Materials science: Share corrosion data

In November 2013, an oil pipeline exploded in the Chinese city of Qingdao, killing 62 people and injuring 136. Eight months later, a similar explosion in Kaohsiung killed 32 people and injured 321.

The pipelines were made of steel of the same specification and failed after two decades of use in the same environment. The cause was corrosion – the degradation of a material by a chemical or electrochemical reaction with its environment.

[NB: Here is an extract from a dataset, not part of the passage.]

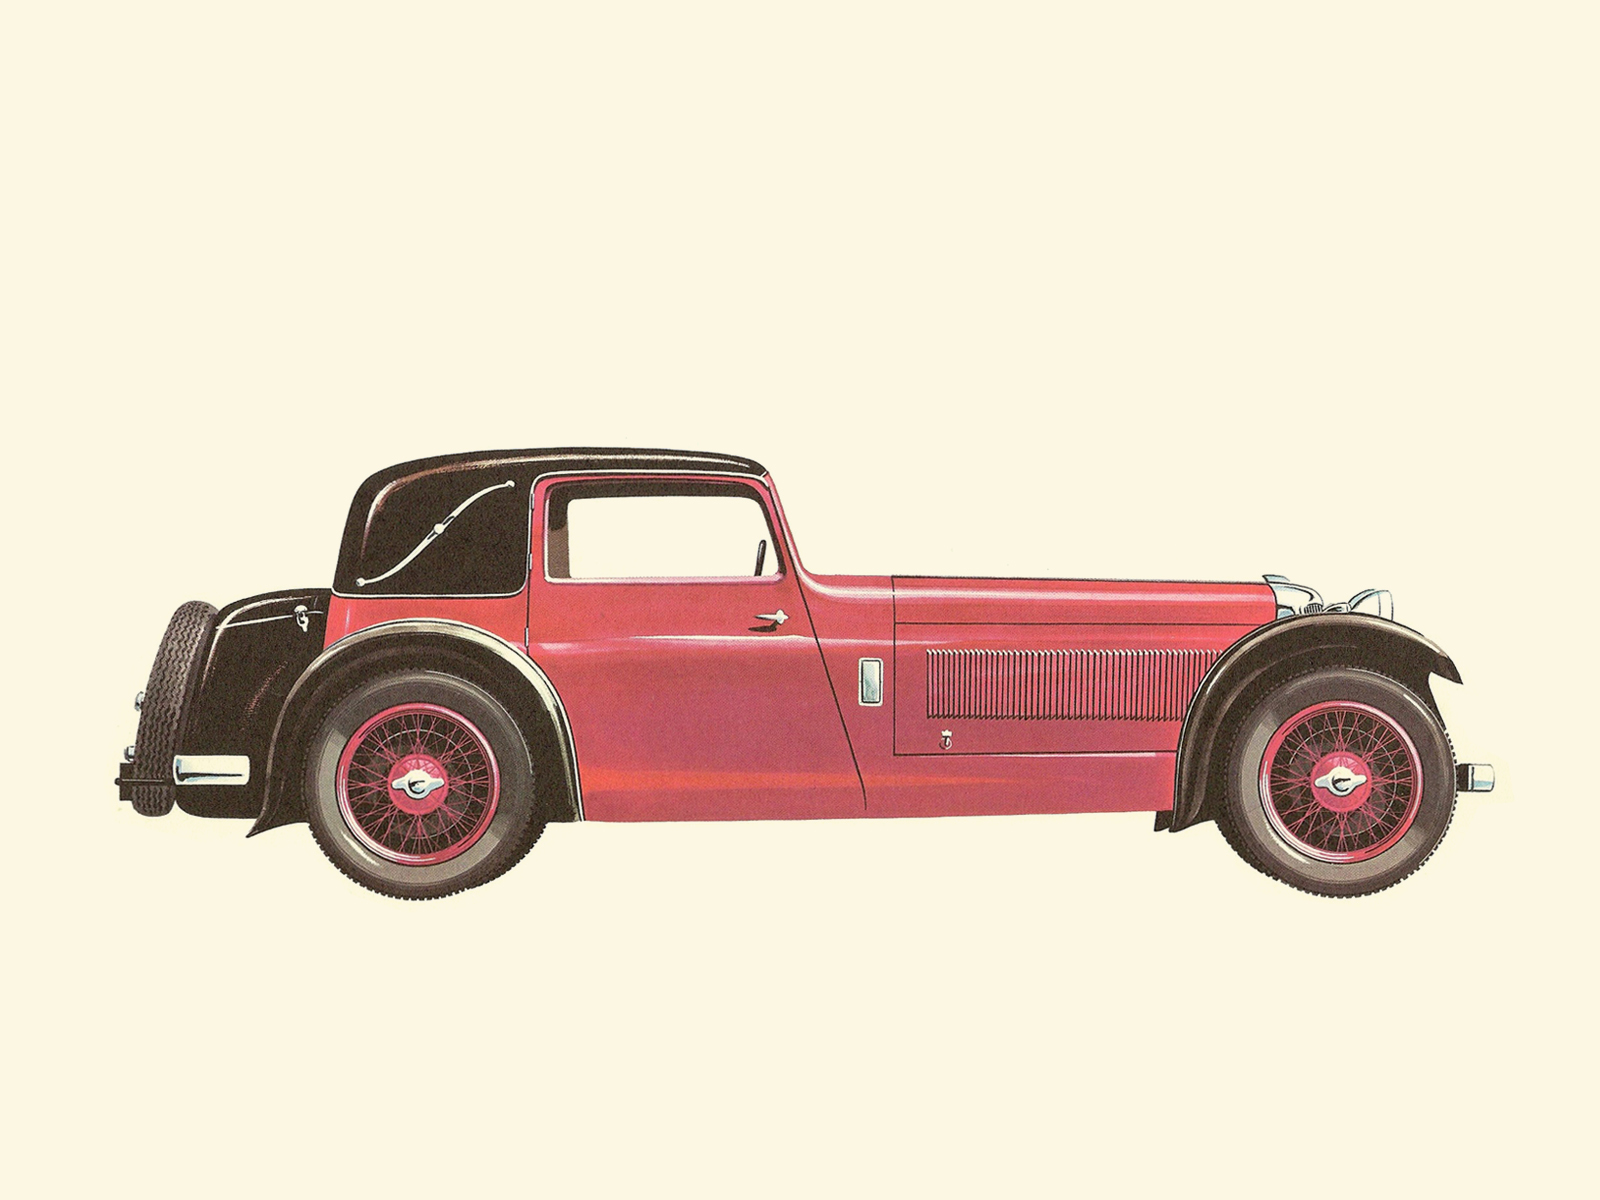 1932 S.S. (Standard Swallow) 1 - Illustrated by Pierre Dumont

Such disasters are common: every square kilometer of any Chinese city contains more than 30 kilometers of buried pipes, creating tangled networks of oil and gas lines, water mains, and electrical and telecommunications cables. Rust is also expensive.

According to a US survey, rust costs six cents for every dollar of GDP in the United States. Globally, this amount is more than US$4 trillion per year – the equivalent of 40 in damages from Hurricane Katrina. Half of that cost is in rust prevention and control, the other half in damage and lost productivity.

Lack of knowledge hinders our ability to prevent failures. Erosion of underground pipes is influenced, for example, by the composition, microstructure and design of materials, as well as by a raft of environmental conditions such as soil oxygen level, humidity, salinity, pH, temperature and biological organisms.

Many industries, including oil, gas, marine and nuclear, collect corrosion data to identify risks, predict the service life of components, and control corrosion. Most of this data is proprietary, and best practices are rarely shared. Oil spills, bridge collapses and other disasters keep on coming.

The demand for knowledge about corrosion is increasing with the increasing use of advanced materials in medical devices, biosensors, fuel cells, batteries, solar panels and microelectronics. Corrosion is the main restriction on many nanotechnology applications.

Efforts to make material data accessible, such as the Material Genome Initiative (MGI), focus on the ‘birth’ rather than the ‘death’ of the material. Online platform is desperately needed for Jung data sharing. Access to large amounts and different types of corrosion information, which researchers can investigate with data mining and modeling tools, will improve the forecast of corrosion failures and anticorrosion designs.

Complex processes

The biggest challenge in corrosion research is accurately predicting how a material will corrode in a given environment. This requires a thorough knowledge of all relevant factors and their interactions.

Yet precise models for the mechanism are lacking. It is impossible to forecast problems without historical data about material failures under various circumstances. And field performance cannot be assessed in laboratories when environmental parameters are unknown.

Corrosion data is hard to collect. Damage can take years or even decades to accumulate and any project tracks only a few contributing factors. Data sets need to be combined.

For example, early studies of marine erosion (for example, occurring at oil-drilling platforms) were unreliable because they considered only physicochemical processes (including pH, dissolved oxygen, and temperature), not seawater. on the effects of living organisms. The model has now been improved by the inclusion of genomic data.

Corrosion depends on local conditions. Steel structures that last for decades in arid parts of inland China fail within months in the moist and salty coastal regions of Southeast Asia.

Protective polymer coatings that have worked for years at northern latitudes can wear down in weeks near the equator, where higher doses of heat and ultraviolet radiation break chemical bonds more quickly.

Referring to common corrosion knowledge – such as how particular steels are affected by moisture, salt or air pollution – requires a combination of studies from many diverse environments. For example, a worldwide survey of weathering steel reviewed 22 years of exposure test results from 108 sites in 22 countries.

With the increase in global trade, the oil and gas, construction, car, electronics and other industries have called for the sharing of corrosion data between countries to ensure the quality and safety of their products. Millions of cars around the world have been recalled over the years due to unforeseen corrosion problems arising in destination countries.

China’s 2013 ‘Belt and Road’ initiative, which promotes industrial ties with countries along the Silk Road economic belt between China and the West, poses unprecedented challenges.

Rapid corrosion assessment, material selection and design will be required as billions of dollars in construction, transportation, energy and telecommunications projects begin in Asia, Africa and Europe.

Advanced materials introduce entirely new corrosion problems. For example, the electrochemical stability of noble metals such as platinum and gold rapidly declines as their dimensions are reduced to the nanometer scale.